Rosanne Brathwaite: “ What is so sad about this whole thing is that women who are light skinned, although they are still Black, tend to discriminate against women of darker skin. As a woman of a dark complexion I grew up hearing that I should bleach my skin but thank God I never did and never will because My Black is Beautiful!”
Deon Mayers: “I’ve found in the last few years that a number of women (young and old) have been bleaching their skin but I fear that many of them don’t have a clue why and are just following a trend. It seemed the bleached skin went along with the trend to put black dye at front of the hair line. Any bet now with the bleached skin of Vbyz Kartel our boys will start bleaching too. So while some may have that lighter skin thought pattern I think most are just getting on the band wagon”

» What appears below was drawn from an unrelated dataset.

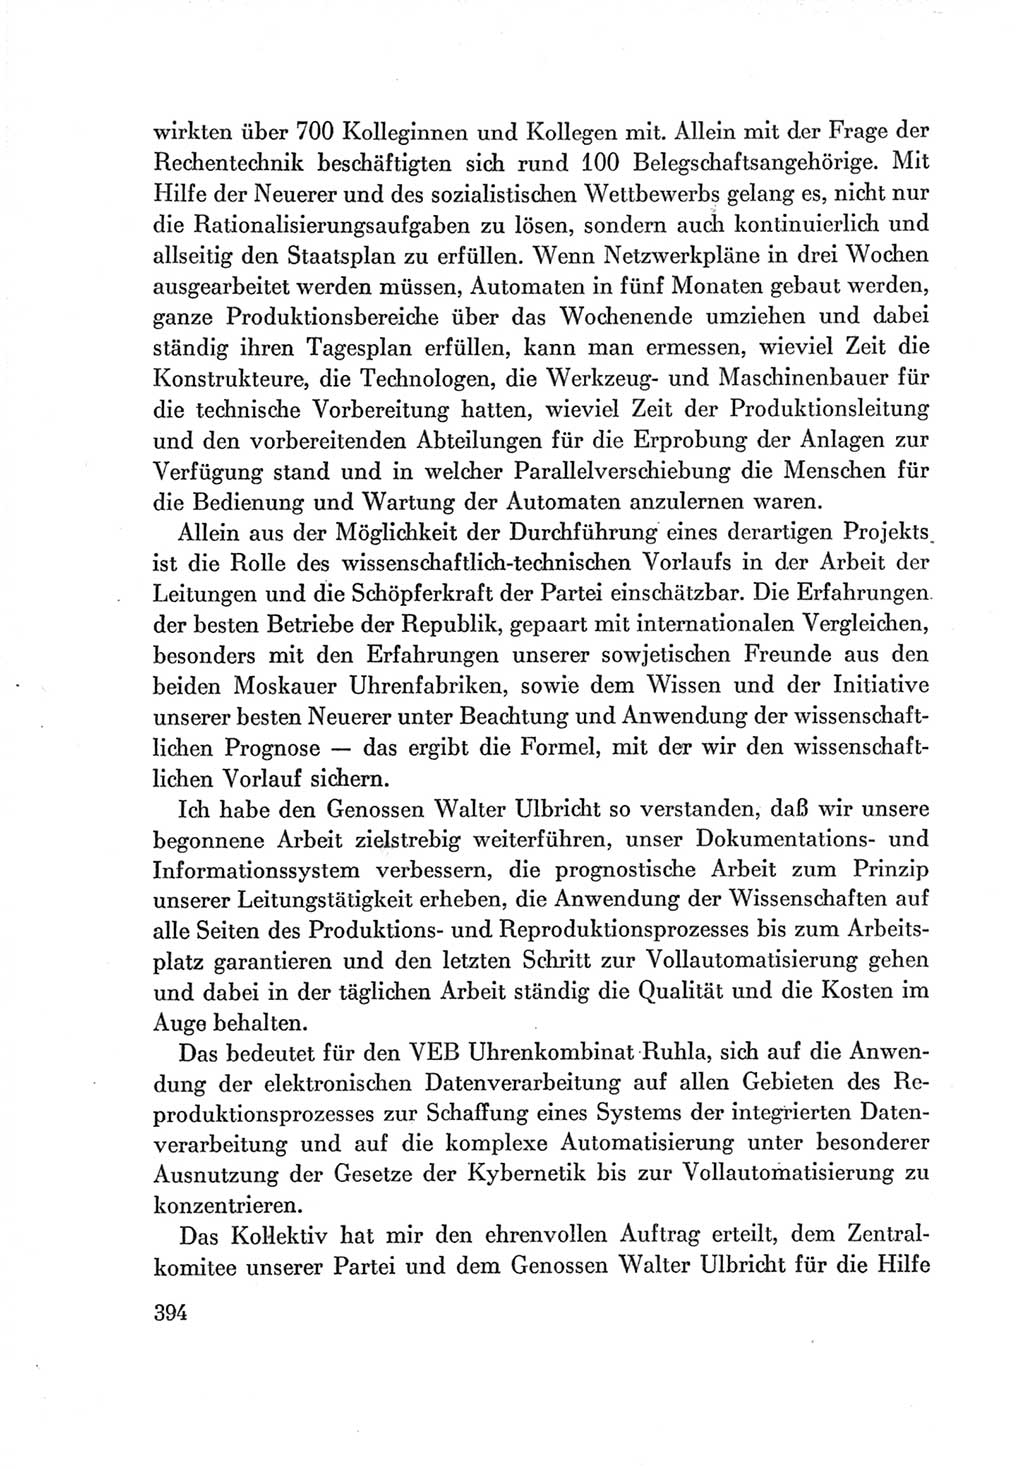 Protokoll der Verhandlungen des Ⅶ. Parteitages der Sozialistischen Einheitspartei Deutschlands (SED) [Deutsche Demokratische Republik (DDR)] 1967, Band Ⅰ, Seite 394 (Prot. Verh. Ⅶ. PT SED DDR 1967, Bd. Ⅰ, S. 394)

I-Lissa Grant: “I’ve found that within the Barbadian society despite the many developmental processes the mind-set of the people are like back in the days of slavery. The Black man has been brainwashed to think that everything white is right. People would bleach their skin for many reasons like some mentioned above, but one must also realise that it is true the Barbadian society is still pretty much racist and there is a saying “If you are white you are alright, If you are brown stick around but if you are Black stay back” and many people within society today are not proud of their dark complexion. Hence many of these people bleach, hoping that they would get a better living for themselves and children”.
Adrian Lorde: “I was not aware of that Barbadian women were actually bleaching their skins. I have not had this request made professionally, nor have I seen women suffer any complications and sought medical advice or treatment. That does not mean it is not happening here as I know it has been practiced in Jamaica for many years now with some suffering as a result. From a medical viewpoint, it is dangerous, not recommended but I do not see why when Black is beautiful should one want to become lighter”.
Janice McFadden: “ This should not be done in this day and age. We white people go out of our way to get a colour and pay the price, so you Black people out there stop beaching – you have beauiful skin”.
Patrick Porter: “I am White and I think that you should be who you are and not someone or something other than you. Be proud of yourself. Outside is only skin deep, it is what that is inside that matters.”